Руфь думала, что момент истины наступит довольно скоро, хотя и не сразу.
Каждый день они со Стормой совершали конные прогулки по плантациям – Руфь держала в руке повод ее лошадки. Их ожидало развлечение: в лабиринте дорог, вдоль и поперек рассекавших участки посадок, пользуясь неопределенными указаниями трудившихся там зулусов, как можно скорее отыскать Шона с Майклом, а найдя, угощать их кофе из термосов и бутербродами из корзинок. Все вчетвером спешивались и, усевшись под деревьями на мягкий ковер опавших листьев, устраивали пикничок.
В тот день, надев платье для верховой езды, с корзинкой в руке, Руфь вышла из кухни во двор. Молоденькая нянька-зулуска сидела в тенечке у кухонной стенки, кокетничая с конюхом. Стормы нигде не было видно.
– Где мисс Сторма? – резко спросила Руфь.
– Куда-то пошла… с нкозизаной Дирком.
Руфь сразу почувствовала щемящее предчувствие беды:
– Куда они пошли?
Нянька неопределенно махнула рукой в сторону конюшен и дворовых построек, рассыпанных по склону холма.
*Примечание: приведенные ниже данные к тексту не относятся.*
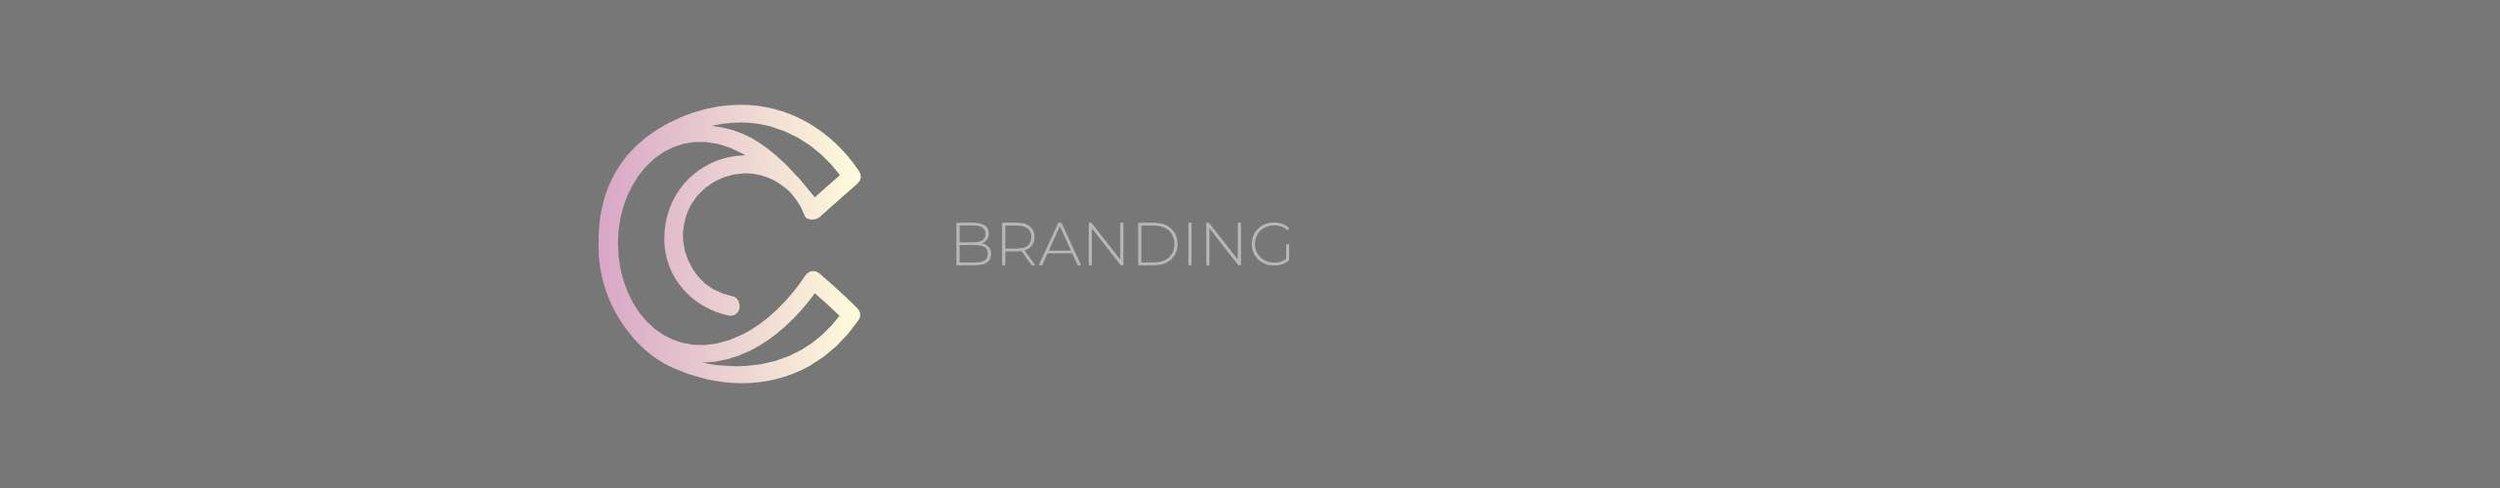 the-creative-co-branding-banner.jpg

– Идем со мной, – приказала Руфь.
Поставив корзинку и подхватив одной рукой юбки, она побежала. Вот и первый ряд стойл. На бегу заглядывая в каждое, она спешила дальше. Заглянула в помещение для хранения корма с большими бетонными закромами, где пахло смешанным запахом овса, кормовой патоки, рубленой люцерны, а также резким ароматом навоза и смазанными жиром кожами. Выскочив на солнце, она бросилась к амбарам.
И тут до ее слуха донесся испуганный визг Стормы, всего один, но такой тонкий и до боли ясный, что, казалось, в наступившей тишине воздух все еще дрожит от него.
«В упряжной, – догадалась Руфь и бросилась туда. – Господи, молю Тебя, только не это! Не допусти! Молю Тебя! Молю Тебя!»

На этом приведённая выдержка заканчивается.